Answer
$\large\frac{40}{3}$
Work Step by Step
Let \[I=\int_{2}^{6}\frac{y}{\sqrt{y-2}}dy\]
Clearly 2 is point of infinite discontinuity of integrand $\large\frac{y}{\sqrt{y-2}}$
\[\Rightarrow I=\lim_{t\rightarrow 2^+}\int_{t}^{6}\frac{y}{\sqrt{y-2}}dy\;\;\;\ldots (1)\]

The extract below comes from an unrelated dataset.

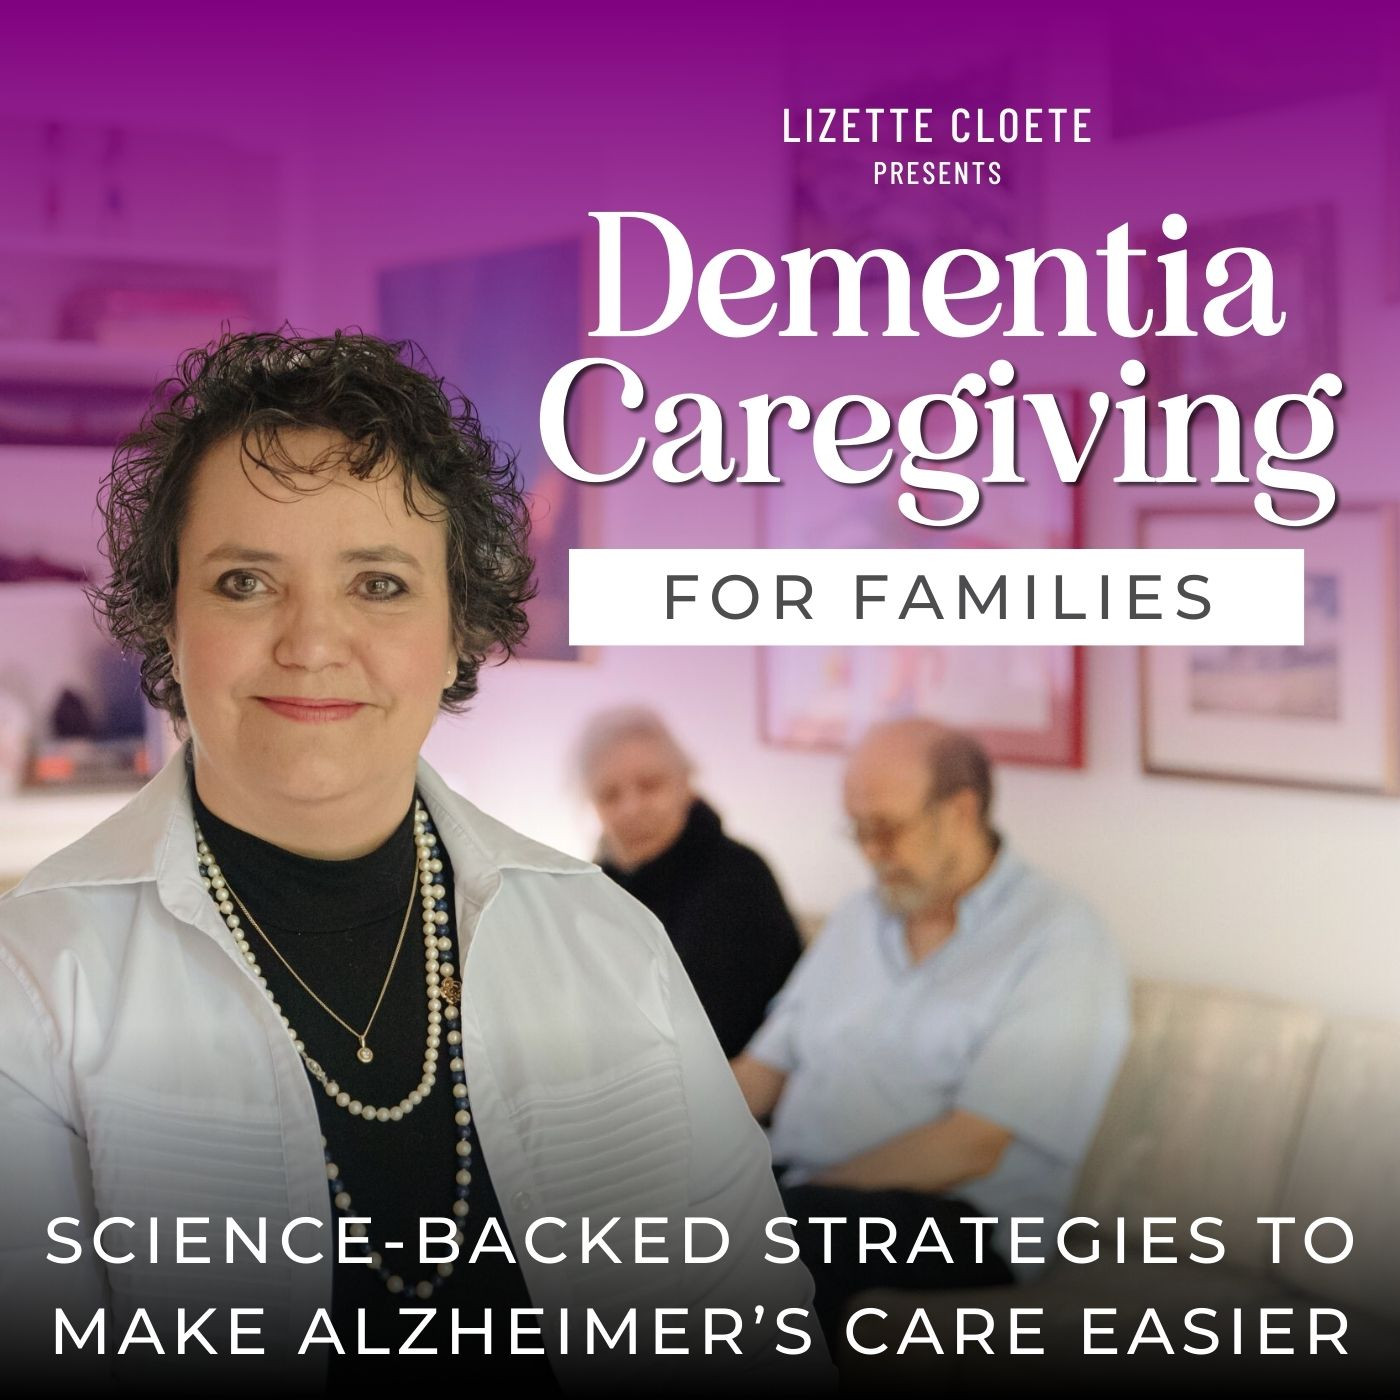 Dementia Caregiving for Families: Tips for Christian Caregivers, Alzheimer’s Caregiving, Challenging Dementia Behaviors and Caregiver Stress Management
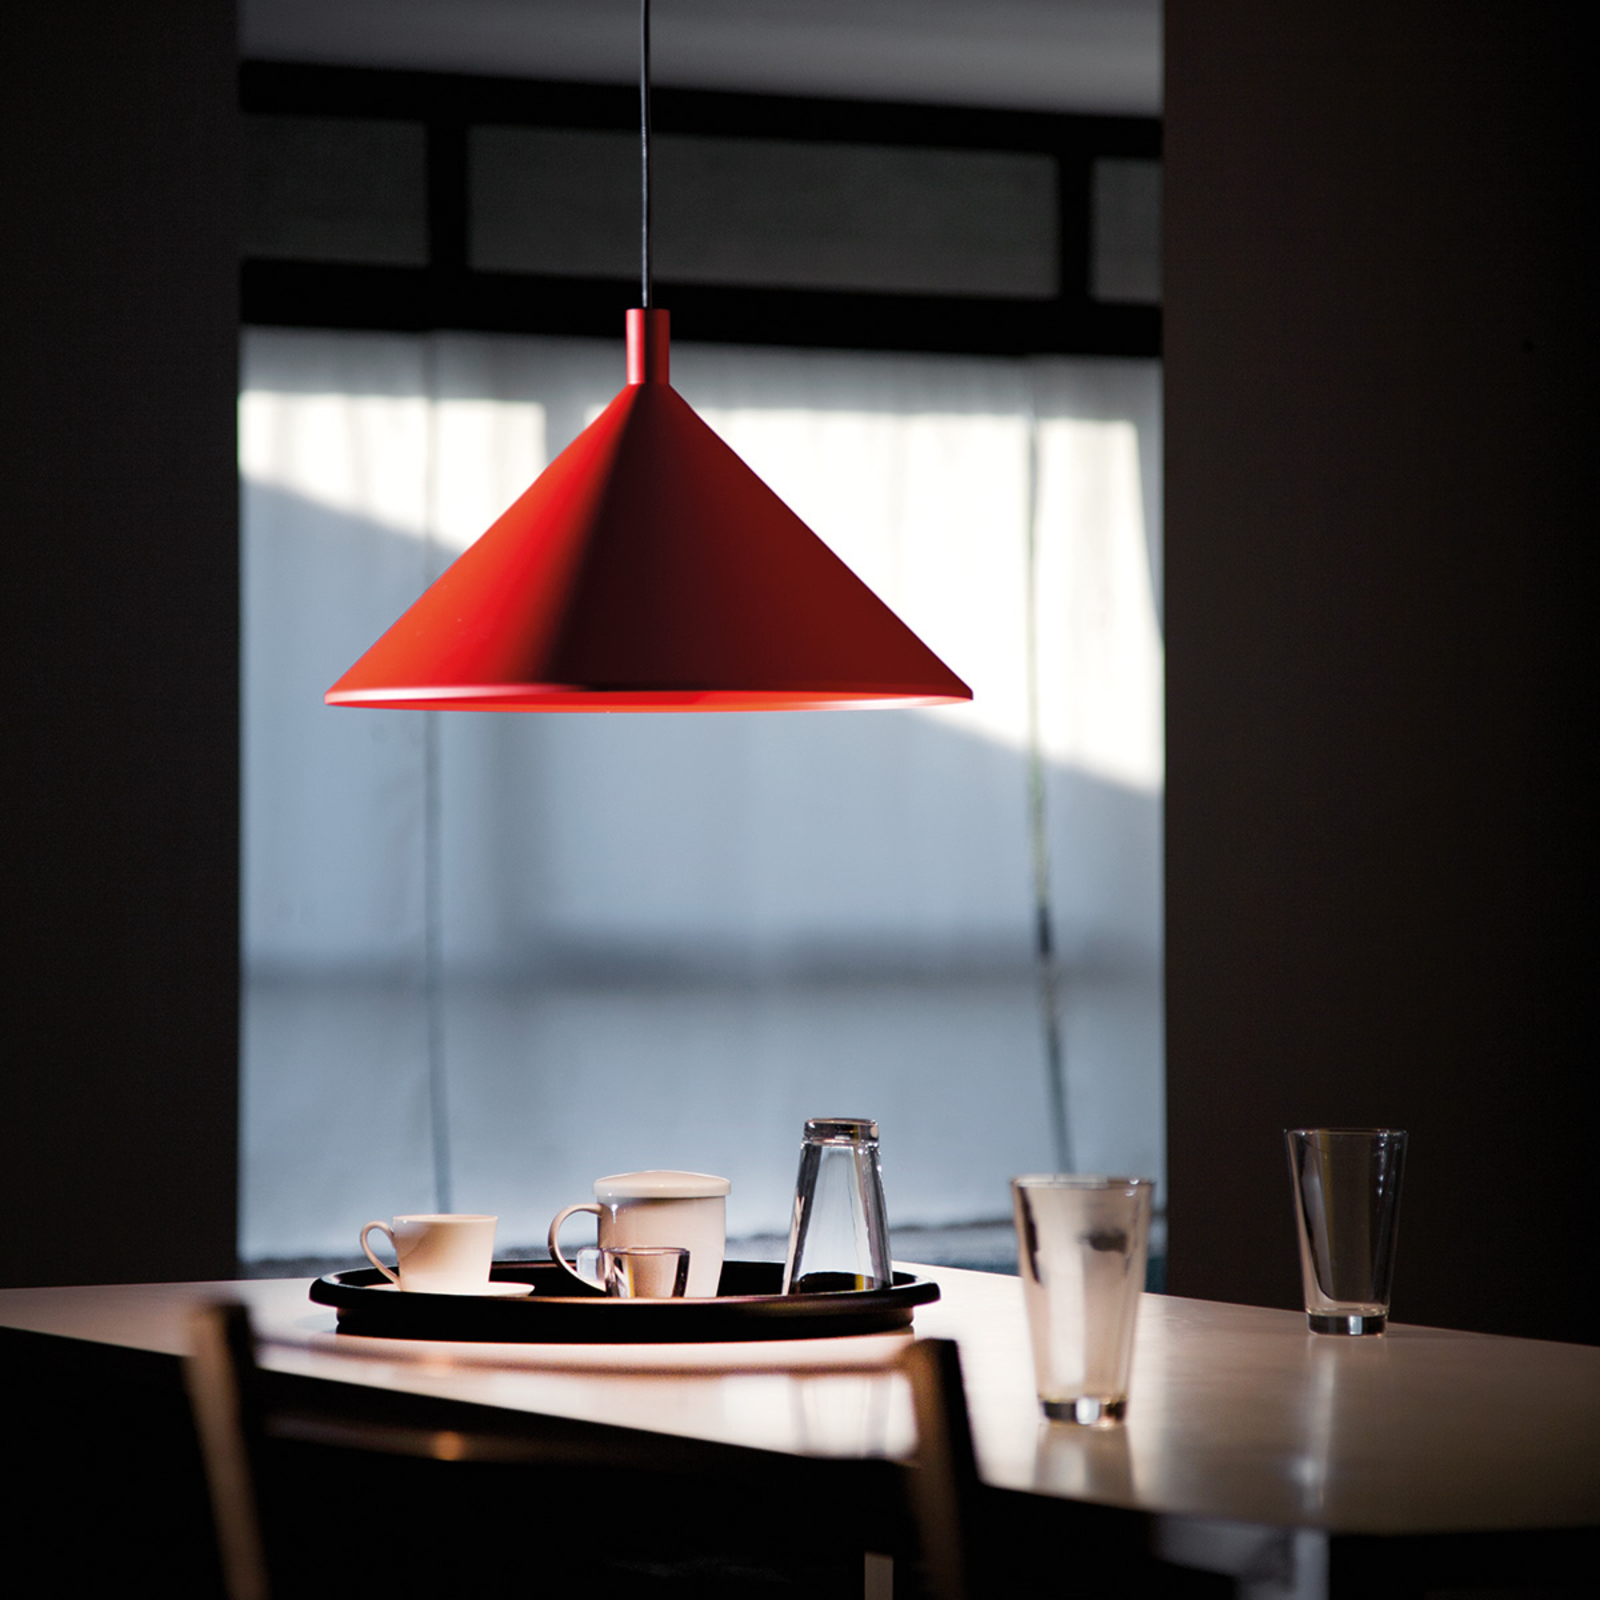 Висяща лампа Martinelli Luce Cono, червена, Ø 45 cm

Let \[I_1=\int\frac{y}{\sqrt{y-2}}dy\]
\[I_1=\int\frac{(y-2)+2}{\sqrt{y-2}}dy\]
\[I_1=\int\left[\sqrt{y-2}+2(y-2)^{-\frac{1}{2}}\right]dy\]
\[I_1=\frac{2(y-2)^{\frac{3}{2}}}{3}+2(2)(y-2)^{\frac{1}{2}}+C\]
Where $C$ is constant of integration
\[I_1=\frac{2(y-2)^{\frac{3}{2}}}{3}+4\sqrt{y-2}+C\;\;\;\ldots (2)\]
Using (2) in (1)
\[I=\lim_{t\rightarrow 2^+}\left[\frac{2(y-2)^{\frac{3}{2}}}{3}+4\sqrt{y-2}\right]_{t}^{6}\]
\[I=\lim_{t\rightarrow 2^+}\left[\frac{2}{3}(8)+4(2)-\frac{2(t-2)^{\frac{3}{2}}}{3}-4\sqrt{t-2}\right]\]
\[I=\frac{16}{3}+8=\frac{40}{3}\]
Since limit on R.H.S. of (1) exists so $I$ is convergent and $I=\large\frac{40}{3}$.